*** The data Section Begins ***

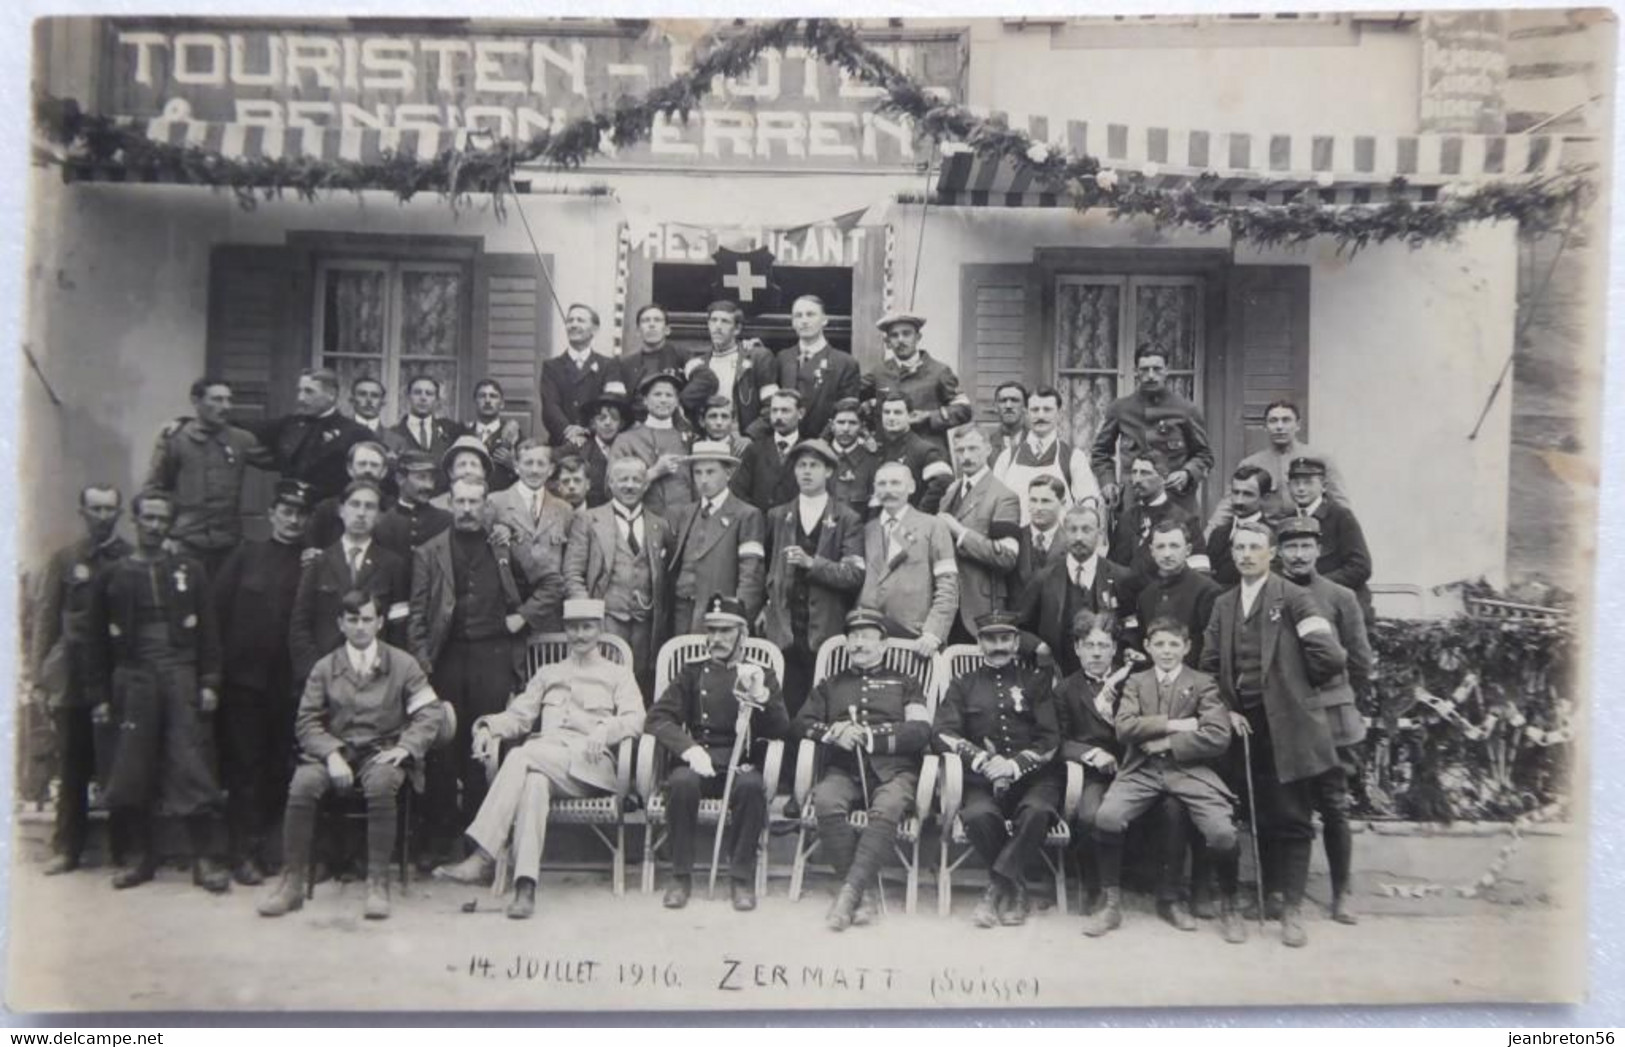 ZERMATT - Touristen-Hotel & Pension Perren - Rare CPA Photo Du 14 Juillet 1916 - Sion
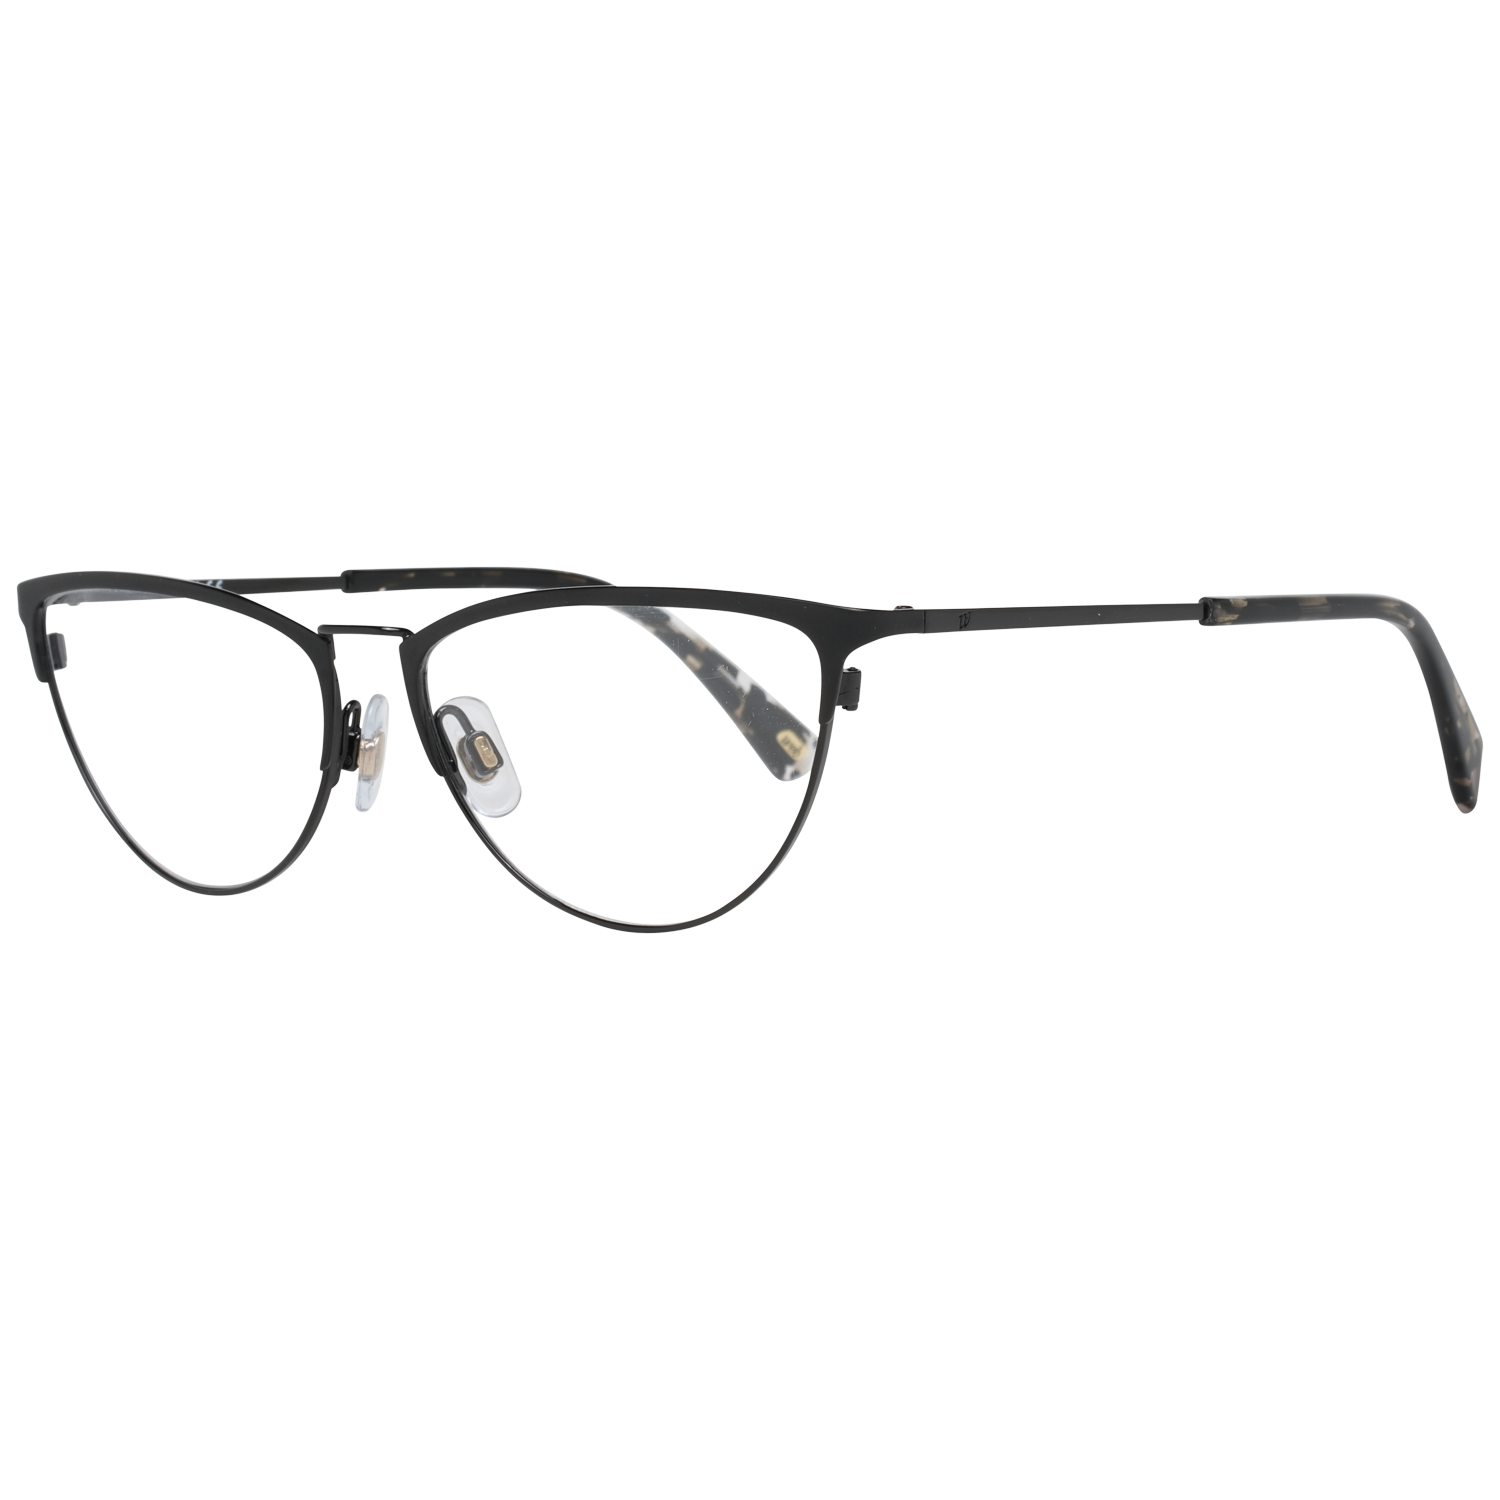 Web Frames Web Prescription Glasses Optical Frame WE5304 001 54 Eyeglasses Eyewear UK USA Australia 
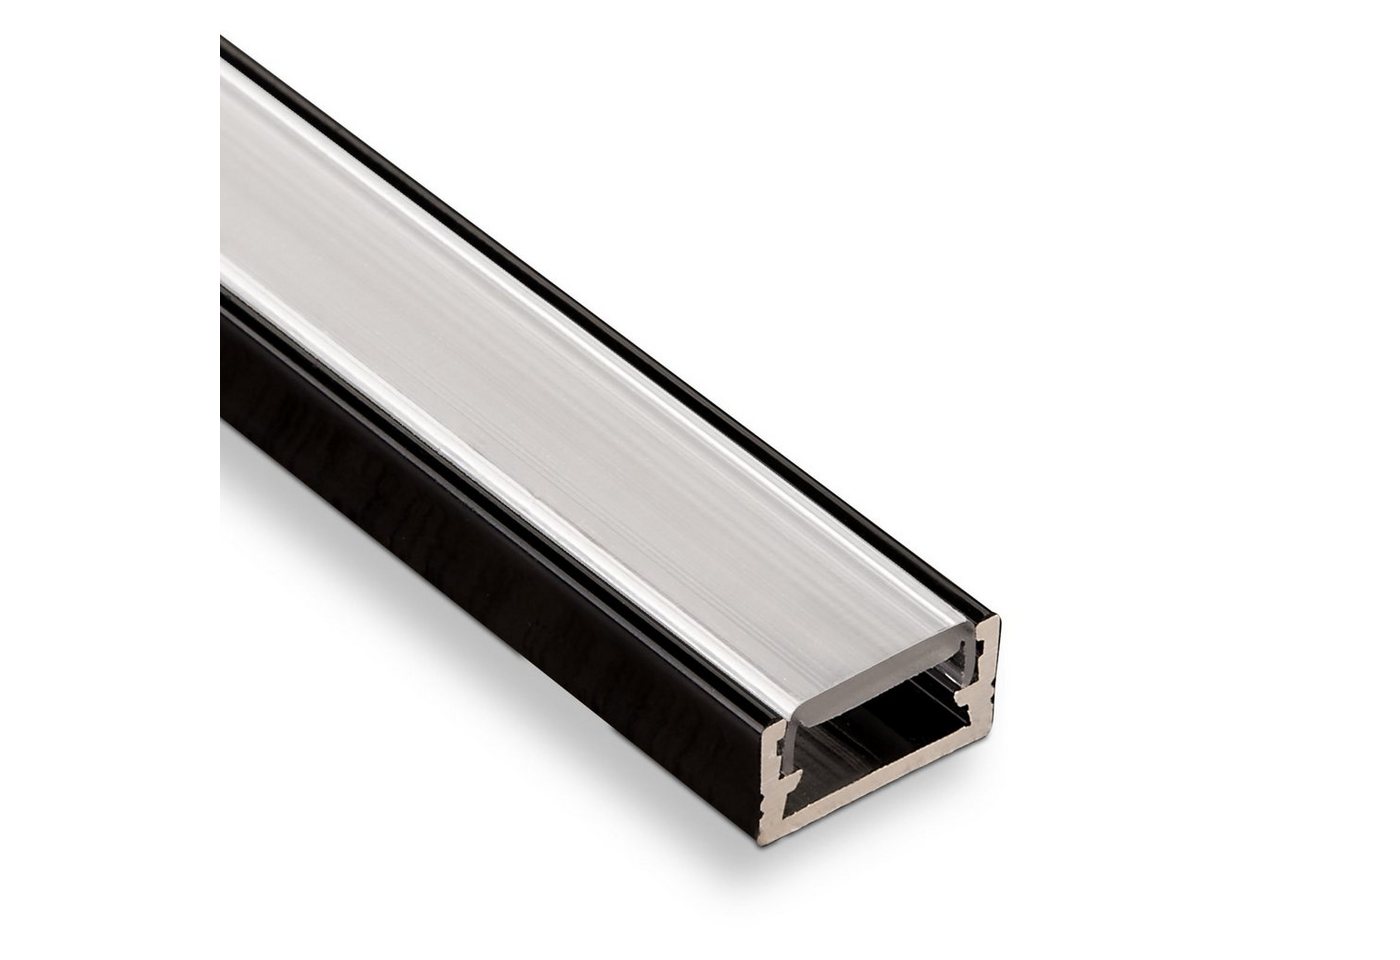 SO-TECH® LED-Stripe-Profil 10 Stück LED-Aluprofil 11, 22 oder 33, Länge je 2 m, Abdeckung opal oder klar, versch. Ausführungen von SO-TECH®

*** The data Section Ends ***

* Instructions to follow
Now repeat exactly the lines from the one with "Web Frames Web" through the end of the listing above, both included, omitting all pictures.

* Completed task
 Web Frames Web Prescription Glasses Optical Frame WE5304 001 54 Eyeglasses Eyewear UK USA Australia 
 SO-TECH® LED-Stripe-Profil 10 Stück LED-Aluprofil 11, 22 oder 33, Länge je 2 m, Abdeckung opal oder klar, versch. Ausführungen von SO-TECH®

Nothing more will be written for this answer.